#' Fit a Stan SEIR model
#'
#' This function fits a Stan SEIR model to one or more sets of COVID-19 case
#' data. See [project_seir()] for making predictions/projections.
#'
#' @param daily_cases Either a vector of daily new cases if fitting to a single
#' data type or a matrix of case data if fitting to multiple data types. Each
#' data type should be in its own column. Can have NA values (will be ignored
#' in likelihood). A vector will be turned into a one column matrix.
#' @param obs_model Type of observation model.
#' @param forecast_days Number of days into the future to forecast. The model
#' will run faster with fewer forecasted days. It is recommended to set this
#' to 0 here and use [project_seir()] for projections.

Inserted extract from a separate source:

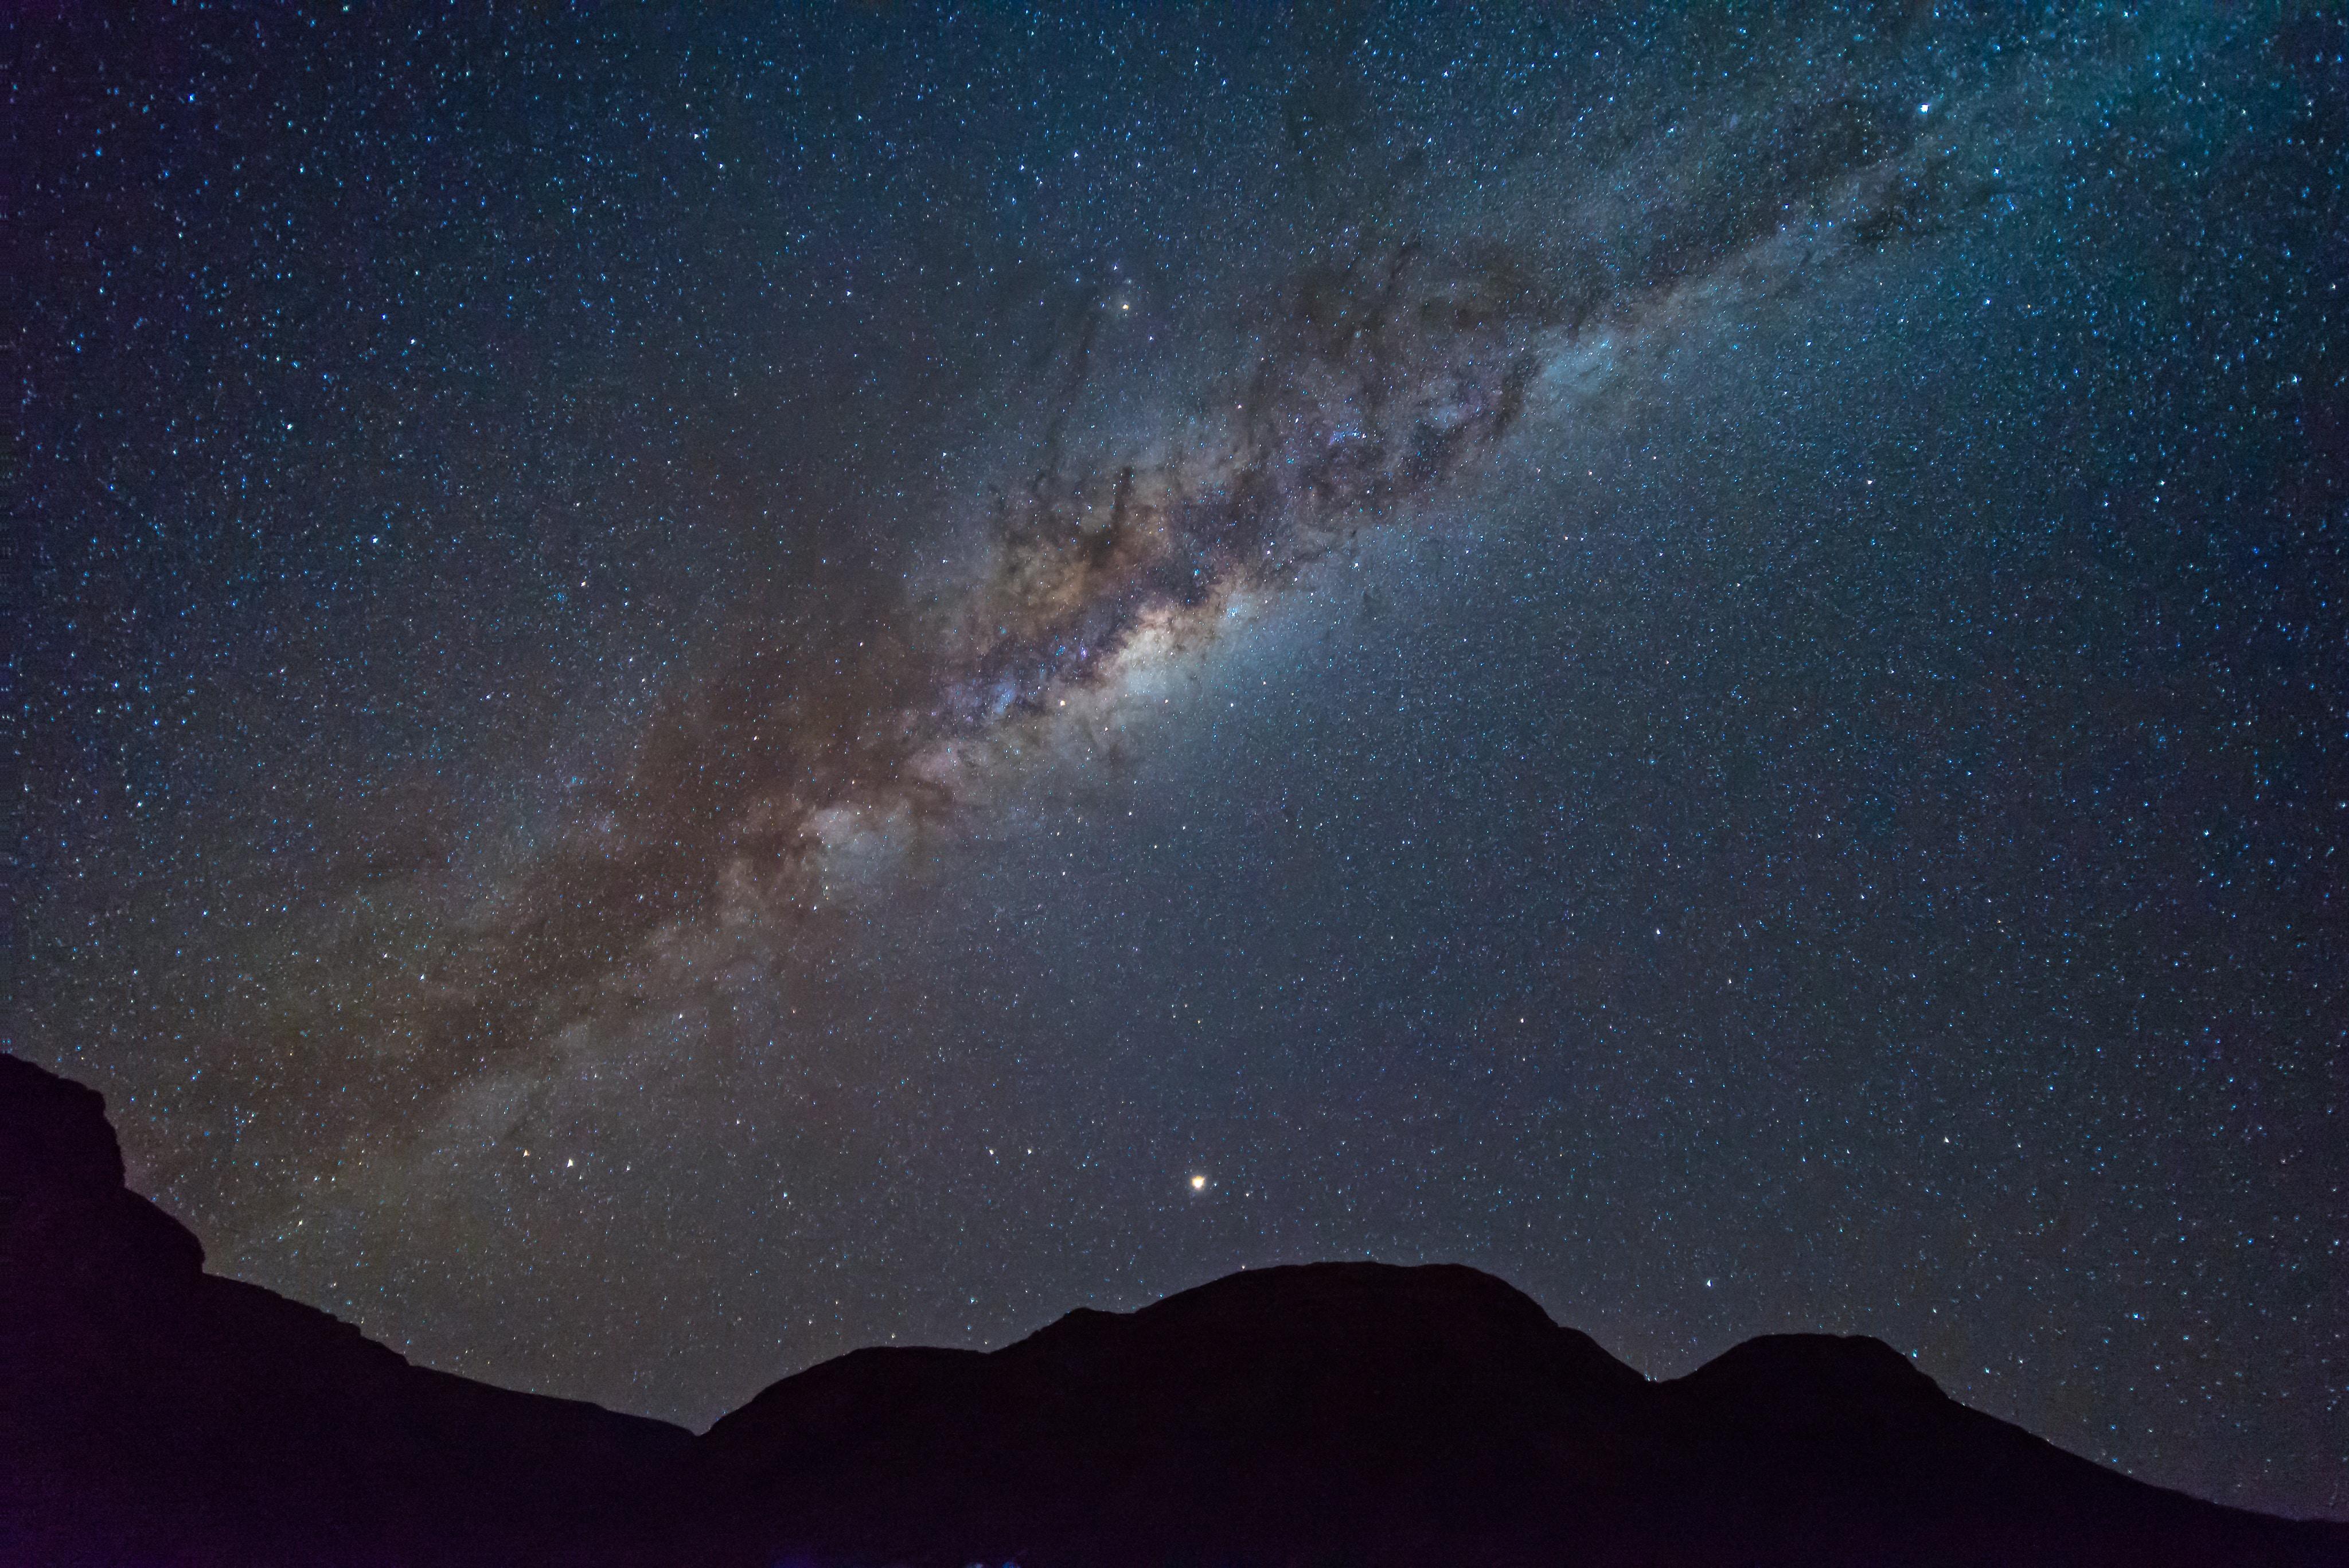 silhouette photograph of mountain under nebula night sky

#' @param time_increment Time increment for ODEs and Weibull delay-model
#' integration in units of days. Larger numbers will run faster,
#' possibly at the expense of accuracy.
#' @param samp_frac_fixed A vector (or matrix) of sampled fractions. Should be
#' of dimensions: `nrow(daily_cases) + forecast_days` (rows) by
#' `ncol(daily_cases` (columns). A vector will be turned into a one column
#' matrix.
#' @param samp_frac_type How to treat the sample fraction. Fixed, estimated, a
#' constrained random walk, or segmented. Only applies to the first data type
#' column. The other data types must always have a fixed sample fraction
#' currently.
#' @param samp_frac_seg A vector of sample fraction segment indexes of length
#' `daily_cases` + `forecast_days`. Should start at 1. Applies if
#' `samp_frac_type = "segmented"`.
#' @param f_seg A vector of segment indexes of length `daily_cases` +
#' `forecast_days`. The segment index values should start at 0 to represent
#' the fixed "no social distancing" value `f0` from the `pars` argument.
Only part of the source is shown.